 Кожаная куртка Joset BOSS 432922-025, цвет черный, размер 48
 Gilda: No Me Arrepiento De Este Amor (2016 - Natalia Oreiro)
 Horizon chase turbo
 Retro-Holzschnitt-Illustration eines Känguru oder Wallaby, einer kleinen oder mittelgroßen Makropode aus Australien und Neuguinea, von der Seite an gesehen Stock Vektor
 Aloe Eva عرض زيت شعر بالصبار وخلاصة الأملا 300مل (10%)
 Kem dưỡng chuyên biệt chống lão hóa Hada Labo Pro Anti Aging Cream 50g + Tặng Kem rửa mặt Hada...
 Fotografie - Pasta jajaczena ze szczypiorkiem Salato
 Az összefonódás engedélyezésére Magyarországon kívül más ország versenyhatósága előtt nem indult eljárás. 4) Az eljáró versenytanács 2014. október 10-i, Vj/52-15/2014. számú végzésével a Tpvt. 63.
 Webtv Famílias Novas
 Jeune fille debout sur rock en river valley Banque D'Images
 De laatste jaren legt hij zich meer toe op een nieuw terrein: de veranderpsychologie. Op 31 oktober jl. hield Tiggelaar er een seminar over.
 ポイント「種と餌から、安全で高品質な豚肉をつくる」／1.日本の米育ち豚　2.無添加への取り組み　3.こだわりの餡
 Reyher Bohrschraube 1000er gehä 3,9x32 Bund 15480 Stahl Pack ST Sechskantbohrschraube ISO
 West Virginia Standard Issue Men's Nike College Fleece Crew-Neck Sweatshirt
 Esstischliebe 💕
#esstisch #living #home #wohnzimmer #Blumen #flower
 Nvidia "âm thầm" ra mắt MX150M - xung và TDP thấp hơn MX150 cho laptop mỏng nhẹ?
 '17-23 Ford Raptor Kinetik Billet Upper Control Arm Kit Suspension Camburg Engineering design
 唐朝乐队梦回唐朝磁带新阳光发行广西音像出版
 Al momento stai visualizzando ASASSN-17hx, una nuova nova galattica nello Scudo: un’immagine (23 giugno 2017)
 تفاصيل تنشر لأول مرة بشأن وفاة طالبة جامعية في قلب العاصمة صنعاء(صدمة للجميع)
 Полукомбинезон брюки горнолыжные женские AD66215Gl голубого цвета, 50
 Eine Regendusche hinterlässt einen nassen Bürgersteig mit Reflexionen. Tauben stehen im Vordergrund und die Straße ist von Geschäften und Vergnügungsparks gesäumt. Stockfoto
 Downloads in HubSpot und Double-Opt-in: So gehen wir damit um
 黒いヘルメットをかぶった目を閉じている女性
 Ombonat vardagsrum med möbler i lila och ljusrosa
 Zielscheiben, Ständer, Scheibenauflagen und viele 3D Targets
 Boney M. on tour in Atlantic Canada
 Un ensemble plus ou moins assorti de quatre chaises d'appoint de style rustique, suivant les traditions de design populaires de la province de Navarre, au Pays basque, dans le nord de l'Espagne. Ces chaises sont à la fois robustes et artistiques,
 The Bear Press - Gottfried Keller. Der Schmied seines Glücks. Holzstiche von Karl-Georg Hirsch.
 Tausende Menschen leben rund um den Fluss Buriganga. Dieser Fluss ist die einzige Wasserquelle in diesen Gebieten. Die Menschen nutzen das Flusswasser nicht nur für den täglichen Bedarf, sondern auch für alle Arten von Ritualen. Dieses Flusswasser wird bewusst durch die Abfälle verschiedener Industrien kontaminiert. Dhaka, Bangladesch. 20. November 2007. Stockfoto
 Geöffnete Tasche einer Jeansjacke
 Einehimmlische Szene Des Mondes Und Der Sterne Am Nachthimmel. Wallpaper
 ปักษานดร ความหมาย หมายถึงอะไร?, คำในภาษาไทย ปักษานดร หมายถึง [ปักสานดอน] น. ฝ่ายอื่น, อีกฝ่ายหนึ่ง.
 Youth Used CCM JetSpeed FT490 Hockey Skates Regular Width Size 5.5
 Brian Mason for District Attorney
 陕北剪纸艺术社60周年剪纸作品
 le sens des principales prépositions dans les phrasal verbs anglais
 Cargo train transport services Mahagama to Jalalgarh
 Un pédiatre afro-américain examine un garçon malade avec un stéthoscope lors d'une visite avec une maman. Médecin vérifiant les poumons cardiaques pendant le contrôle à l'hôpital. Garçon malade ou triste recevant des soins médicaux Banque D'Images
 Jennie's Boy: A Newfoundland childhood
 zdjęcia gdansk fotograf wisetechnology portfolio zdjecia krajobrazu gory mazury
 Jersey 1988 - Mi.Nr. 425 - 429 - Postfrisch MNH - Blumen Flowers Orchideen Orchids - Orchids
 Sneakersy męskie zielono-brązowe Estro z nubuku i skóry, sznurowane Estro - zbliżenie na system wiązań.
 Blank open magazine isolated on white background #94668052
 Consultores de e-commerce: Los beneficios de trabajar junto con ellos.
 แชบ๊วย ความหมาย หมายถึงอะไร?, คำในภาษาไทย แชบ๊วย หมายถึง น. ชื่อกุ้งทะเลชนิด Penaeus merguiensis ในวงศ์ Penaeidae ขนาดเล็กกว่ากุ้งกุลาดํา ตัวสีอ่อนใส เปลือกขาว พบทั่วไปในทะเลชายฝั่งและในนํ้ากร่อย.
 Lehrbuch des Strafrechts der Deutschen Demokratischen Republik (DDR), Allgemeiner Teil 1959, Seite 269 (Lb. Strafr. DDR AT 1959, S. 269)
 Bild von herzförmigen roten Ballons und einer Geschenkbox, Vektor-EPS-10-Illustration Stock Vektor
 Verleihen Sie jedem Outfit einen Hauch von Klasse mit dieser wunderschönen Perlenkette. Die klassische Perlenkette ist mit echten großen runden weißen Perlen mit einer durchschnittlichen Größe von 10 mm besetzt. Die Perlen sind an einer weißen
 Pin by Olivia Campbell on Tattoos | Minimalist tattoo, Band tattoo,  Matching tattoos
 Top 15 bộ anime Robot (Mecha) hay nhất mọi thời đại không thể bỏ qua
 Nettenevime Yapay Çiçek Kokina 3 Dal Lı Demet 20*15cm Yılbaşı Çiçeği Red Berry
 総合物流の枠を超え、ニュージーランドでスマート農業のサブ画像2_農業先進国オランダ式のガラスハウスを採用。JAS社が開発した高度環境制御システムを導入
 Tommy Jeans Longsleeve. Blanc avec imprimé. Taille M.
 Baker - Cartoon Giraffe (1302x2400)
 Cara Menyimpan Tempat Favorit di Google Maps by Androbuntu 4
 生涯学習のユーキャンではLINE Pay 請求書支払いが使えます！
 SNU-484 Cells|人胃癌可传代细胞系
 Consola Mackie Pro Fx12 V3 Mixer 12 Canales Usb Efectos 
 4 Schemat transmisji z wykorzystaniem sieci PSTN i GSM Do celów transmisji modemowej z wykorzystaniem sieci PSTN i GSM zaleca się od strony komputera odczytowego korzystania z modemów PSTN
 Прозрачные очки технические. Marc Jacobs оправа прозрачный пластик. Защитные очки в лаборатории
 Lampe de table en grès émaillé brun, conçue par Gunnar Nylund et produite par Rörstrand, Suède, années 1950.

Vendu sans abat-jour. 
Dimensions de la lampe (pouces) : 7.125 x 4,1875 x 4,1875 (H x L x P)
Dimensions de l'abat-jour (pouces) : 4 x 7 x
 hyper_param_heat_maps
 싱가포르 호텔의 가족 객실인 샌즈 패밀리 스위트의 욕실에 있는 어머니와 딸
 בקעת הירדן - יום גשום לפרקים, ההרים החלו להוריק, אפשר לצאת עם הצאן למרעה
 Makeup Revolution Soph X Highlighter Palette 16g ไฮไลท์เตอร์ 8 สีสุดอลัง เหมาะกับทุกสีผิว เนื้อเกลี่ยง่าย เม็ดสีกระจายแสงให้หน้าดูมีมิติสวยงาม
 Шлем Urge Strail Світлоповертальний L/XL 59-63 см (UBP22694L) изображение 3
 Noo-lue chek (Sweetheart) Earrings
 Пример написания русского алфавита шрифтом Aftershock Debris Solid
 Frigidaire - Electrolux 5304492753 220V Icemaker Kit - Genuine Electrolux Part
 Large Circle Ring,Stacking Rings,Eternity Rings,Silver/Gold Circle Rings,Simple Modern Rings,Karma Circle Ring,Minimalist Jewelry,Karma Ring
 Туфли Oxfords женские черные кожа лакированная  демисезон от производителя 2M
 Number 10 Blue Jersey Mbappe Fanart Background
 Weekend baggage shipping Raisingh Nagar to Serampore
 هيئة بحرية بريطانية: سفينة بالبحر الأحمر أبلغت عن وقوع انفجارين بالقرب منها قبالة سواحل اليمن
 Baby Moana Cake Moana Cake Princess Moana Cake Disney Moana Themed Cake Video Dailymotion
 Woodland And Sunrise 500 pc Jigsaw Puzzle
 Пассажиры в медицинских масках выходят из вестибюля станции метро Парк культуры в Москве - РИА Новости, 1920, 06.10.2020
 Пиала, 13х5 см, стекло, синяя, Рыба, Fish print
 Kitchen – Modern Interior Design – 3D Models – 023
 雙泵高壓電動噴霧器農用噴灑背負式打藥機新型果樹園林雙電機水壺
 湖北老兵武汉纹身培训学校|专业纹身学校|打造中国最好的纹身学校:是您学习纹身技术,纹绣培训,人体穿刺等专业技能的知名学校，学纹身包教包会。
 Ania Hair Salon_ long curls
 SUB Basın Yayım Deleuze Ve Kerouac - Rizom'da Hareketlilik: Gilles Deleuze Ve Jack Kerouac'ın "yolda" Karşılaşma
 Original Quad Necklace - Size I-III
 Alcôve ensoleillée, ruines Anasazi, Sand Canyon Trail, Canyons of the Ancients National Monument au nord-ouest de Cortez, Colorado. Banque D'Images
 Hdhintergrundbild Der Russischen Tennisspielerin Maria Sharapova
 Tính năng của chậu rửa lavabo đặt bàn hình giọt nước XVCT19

+ + + + + + +

Please give again the lines above between the line holding "Jennie's Boy: A Newfoundland childhood" and the line holding "Jersey 1988 - Mi.Nr.", inclusive, exactly as they are and with nothing added.

 Jennie's Boy: A Newfoundland childhood
 zdjęcia gdansk fotograf wisetechnology portfolio zdjecia krajobrazu gory mazury
 Jersey 1988 - Mi.Nr. 425 - 429 - Postfrisch MNH - Blumen Flowers Orchideen Orchids - Orchids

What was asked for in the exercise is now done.